* Collected material *
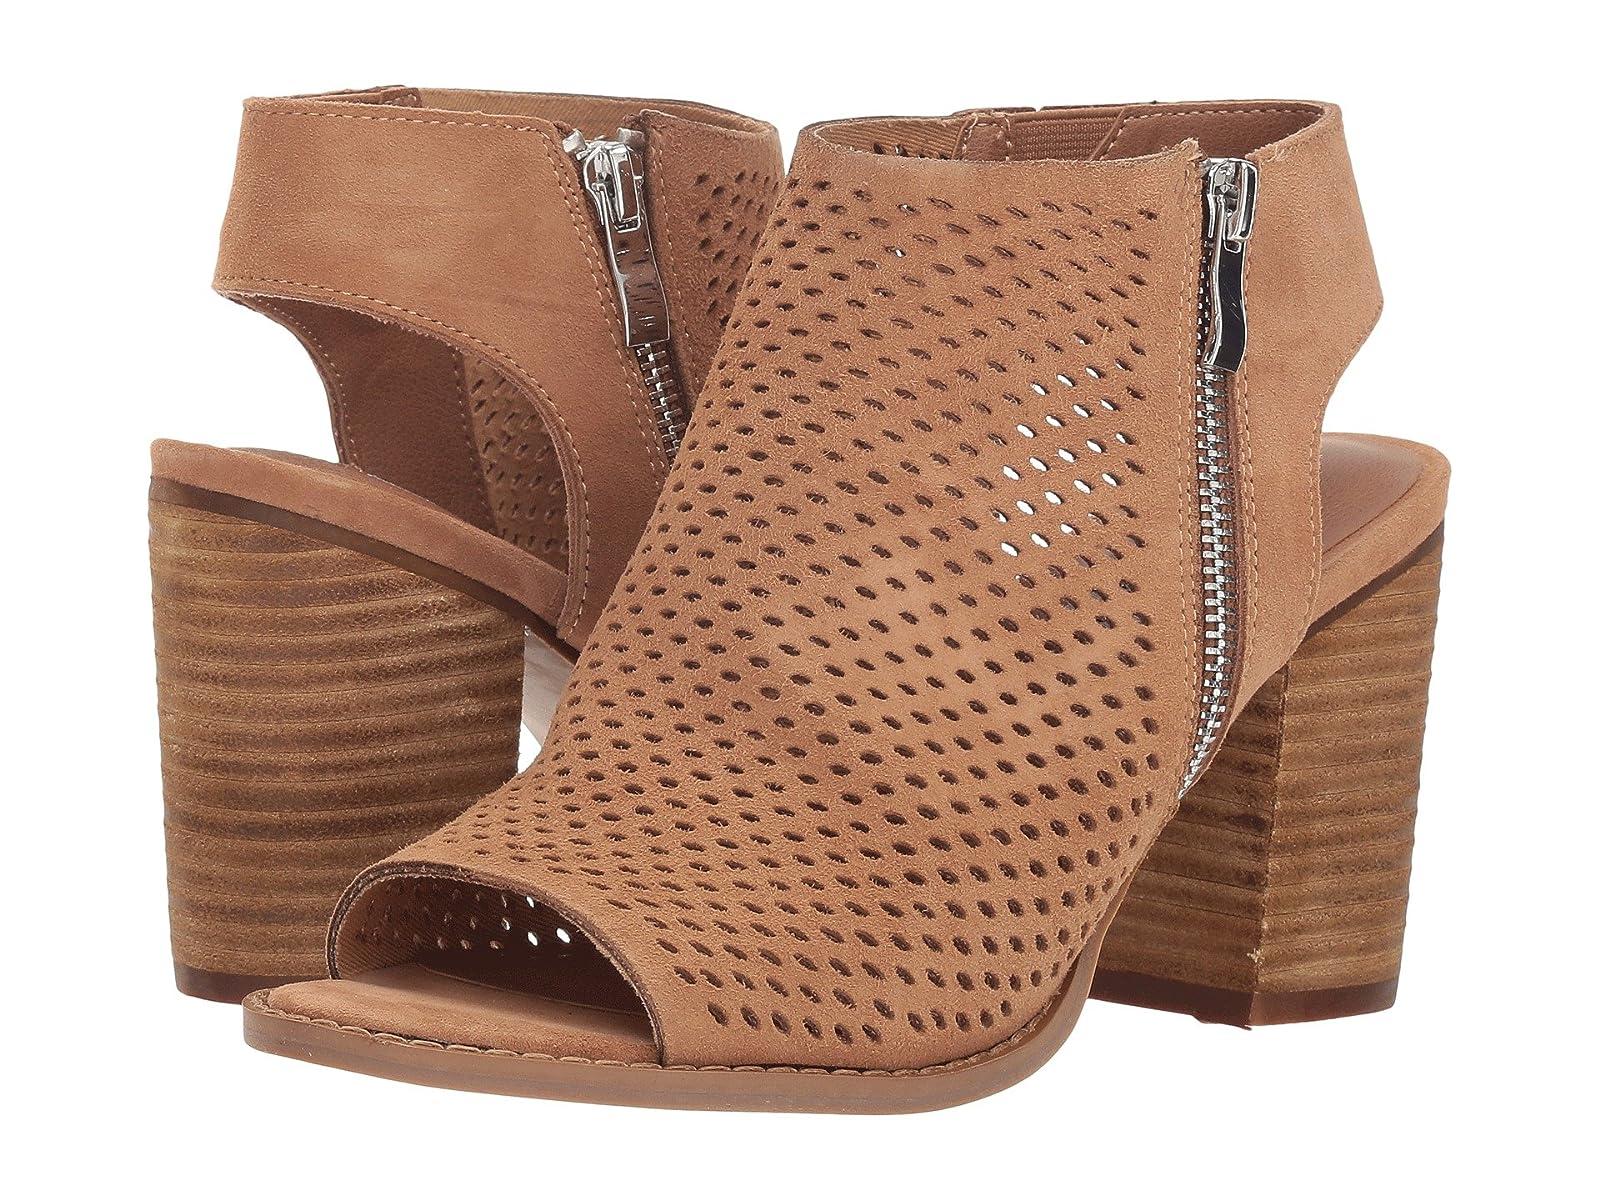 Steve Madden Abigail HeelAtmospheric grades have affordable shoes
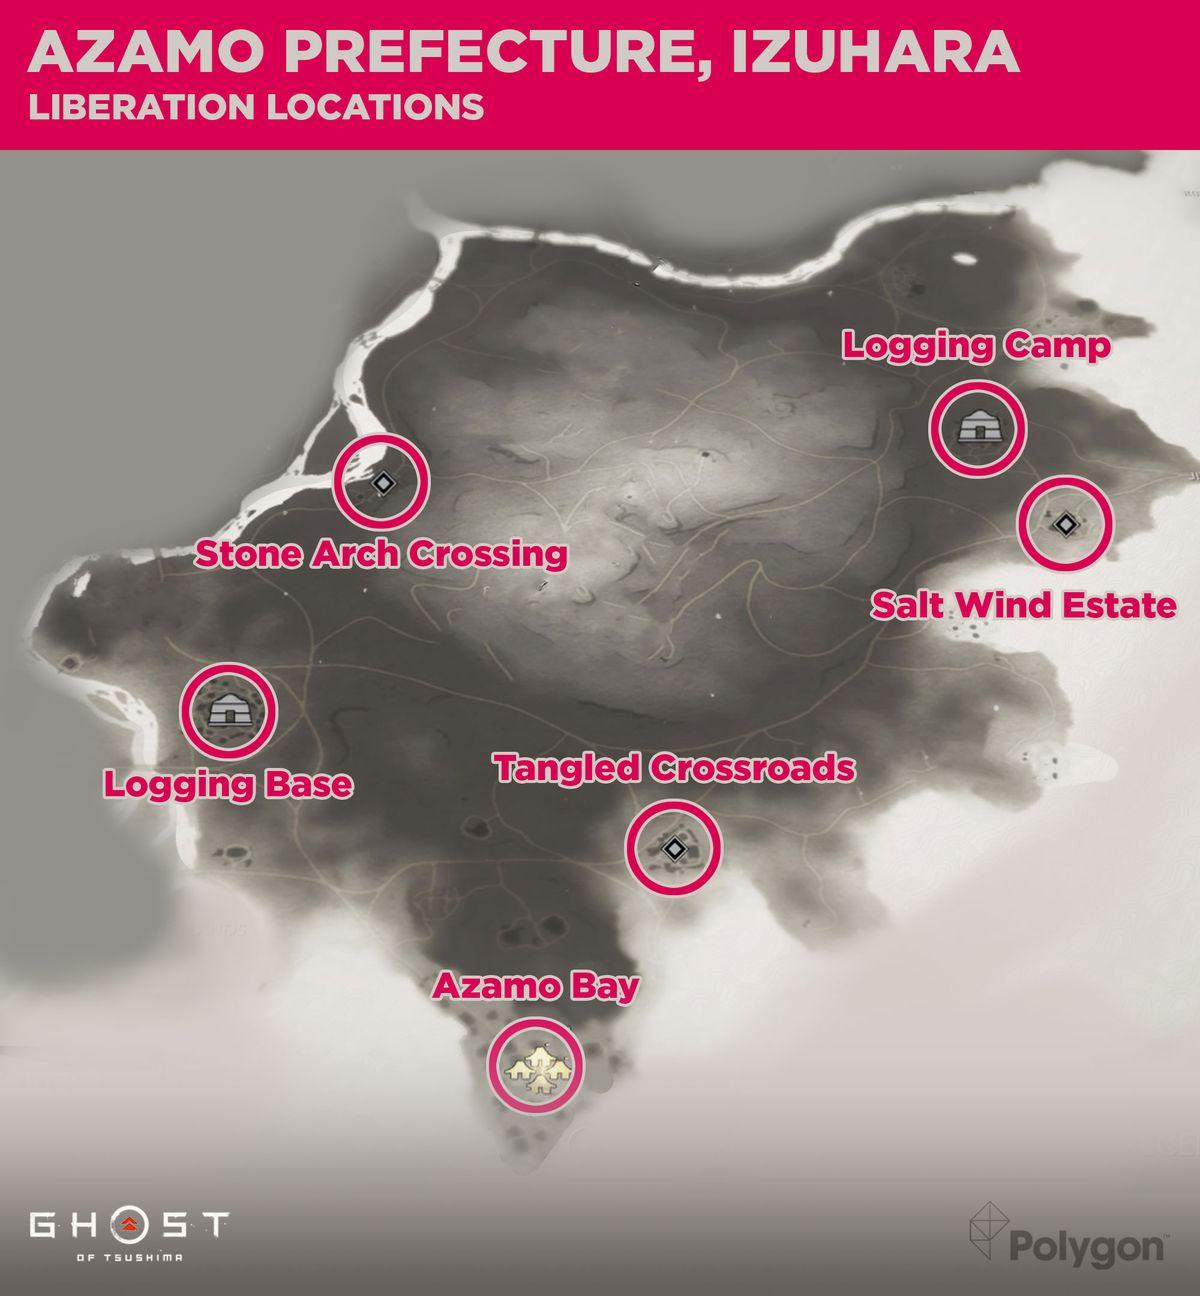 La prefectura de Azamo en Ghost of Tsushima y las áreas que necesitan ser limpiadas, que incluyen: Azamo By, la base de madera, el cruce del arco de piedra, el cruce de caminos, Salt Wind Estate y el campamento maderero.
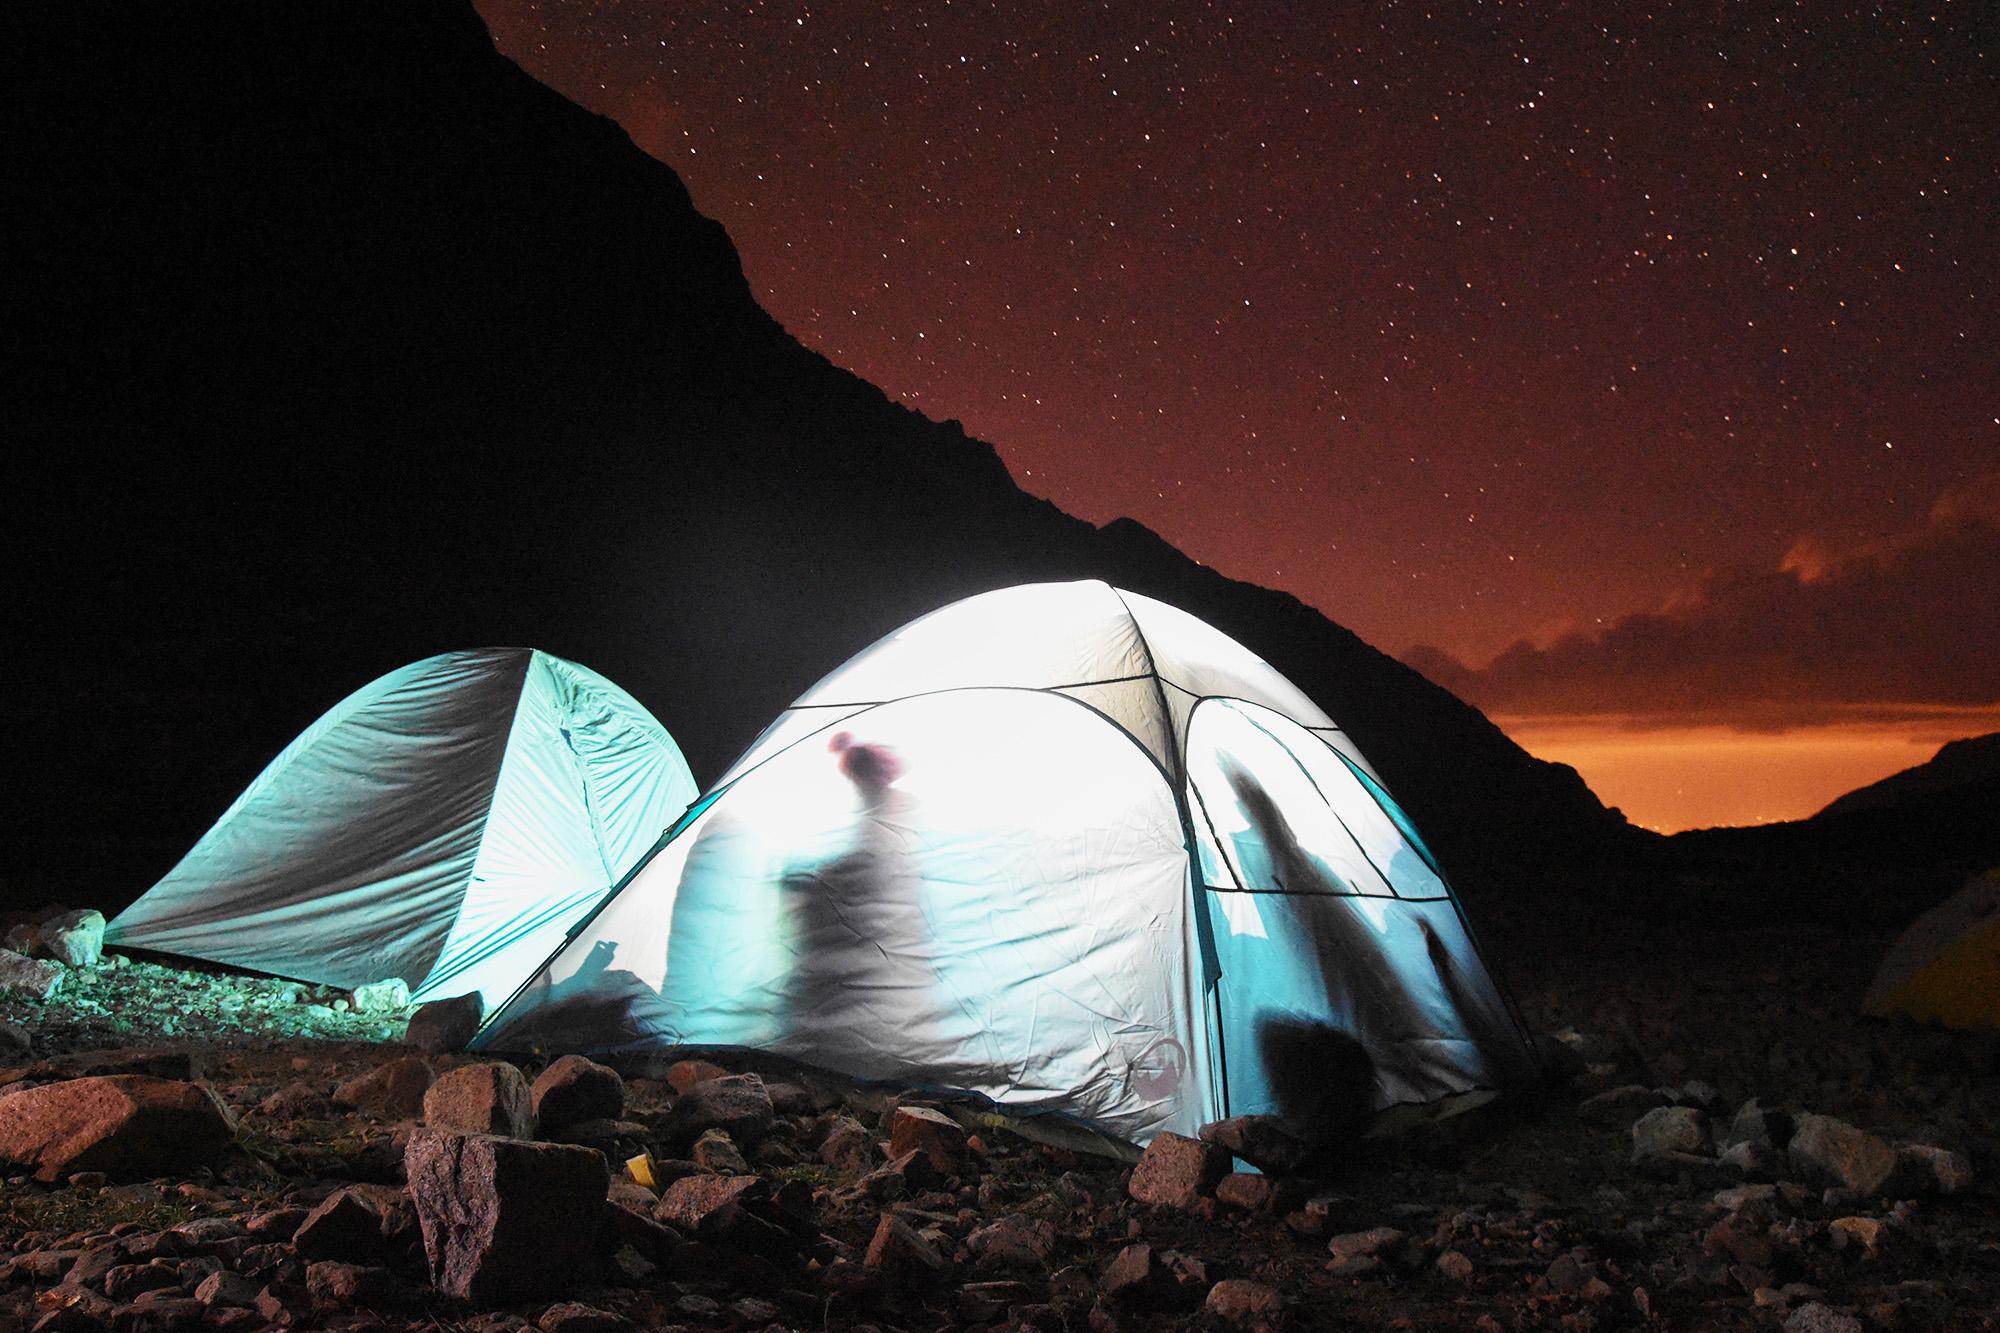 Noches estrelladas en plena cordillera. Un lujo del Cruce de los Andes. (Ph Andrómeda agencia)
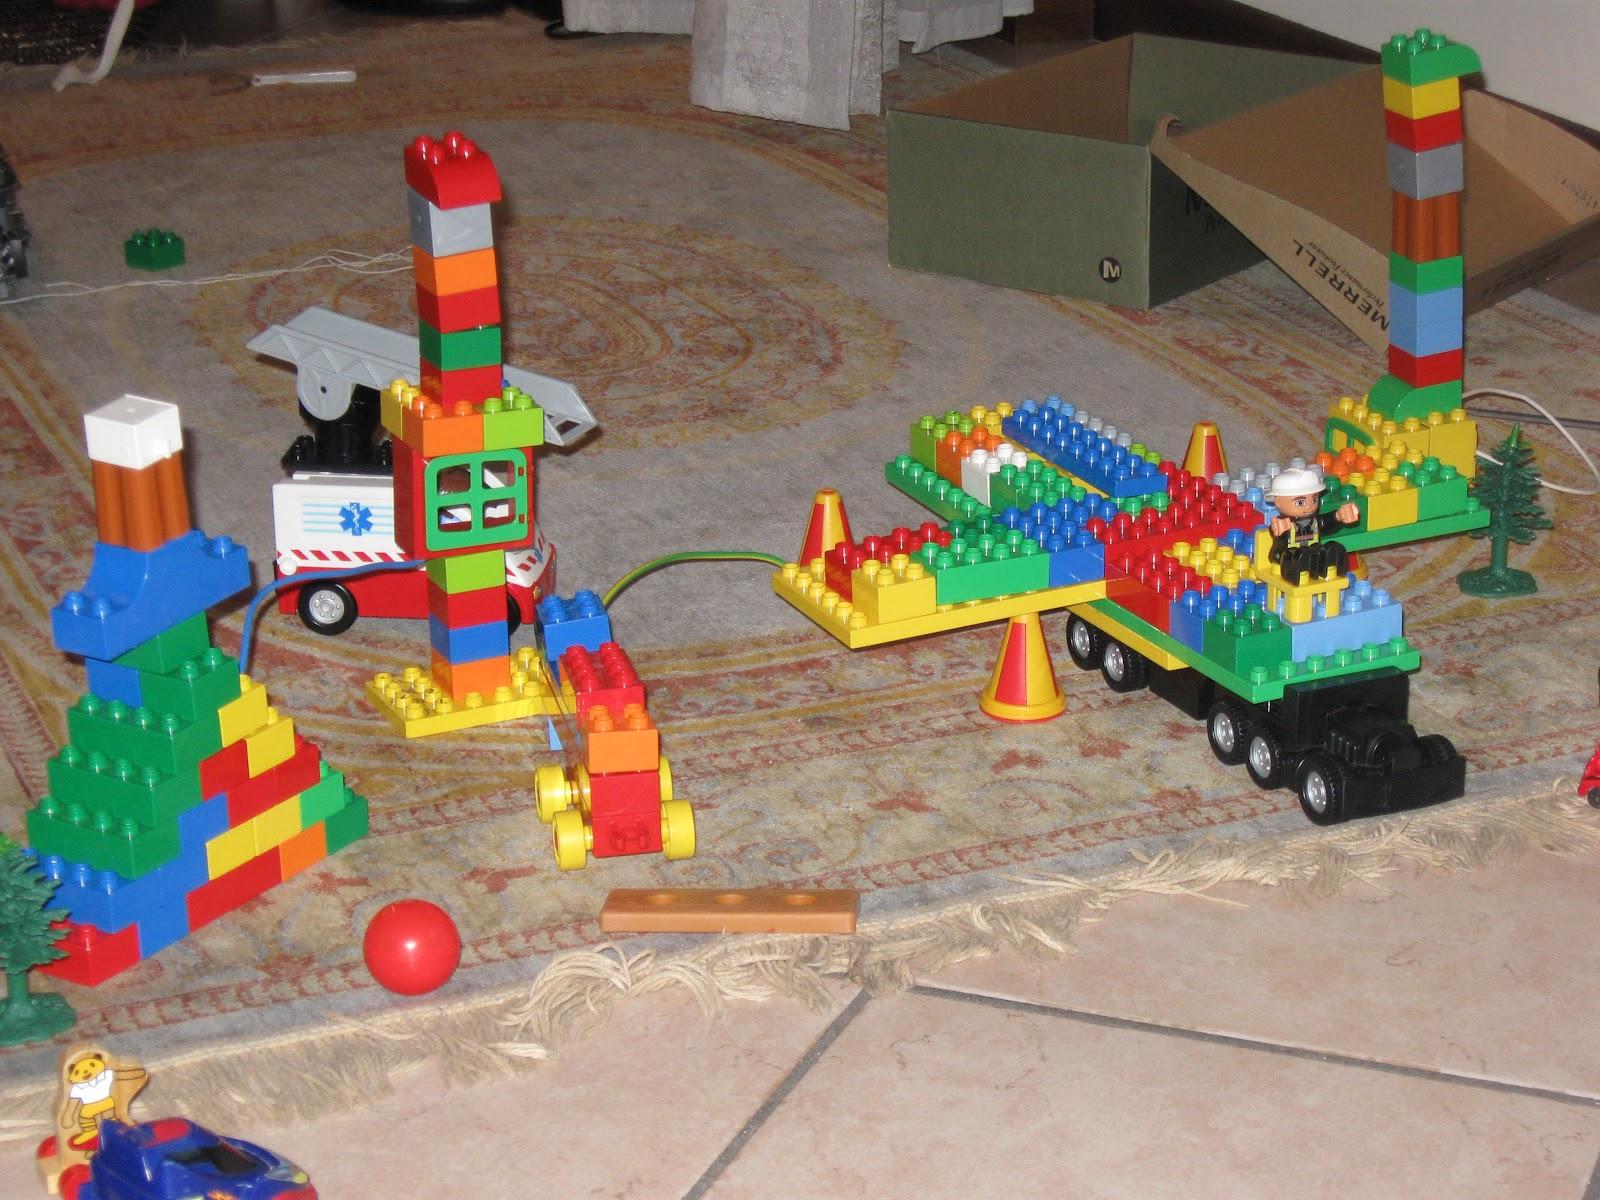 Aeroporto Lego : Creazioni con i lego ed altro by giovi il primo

* What to work on *
Give again, word for word, every line from the top of the data through the line with "La prefectura de", both ends included, and exclude the pictures.

* Exercise response *
 Steve Madden Abigail HeelAtmospheric grades have affordable shoes
 La prefectura de Azamo en Ghost of Tsushima y las áreas que necesitan ser limpiadas, que incluyen: Azamo By, la base de madera, el cruce del arco de piedra, el cruce de caminos, Salt Wind Estate y el campamento maderero.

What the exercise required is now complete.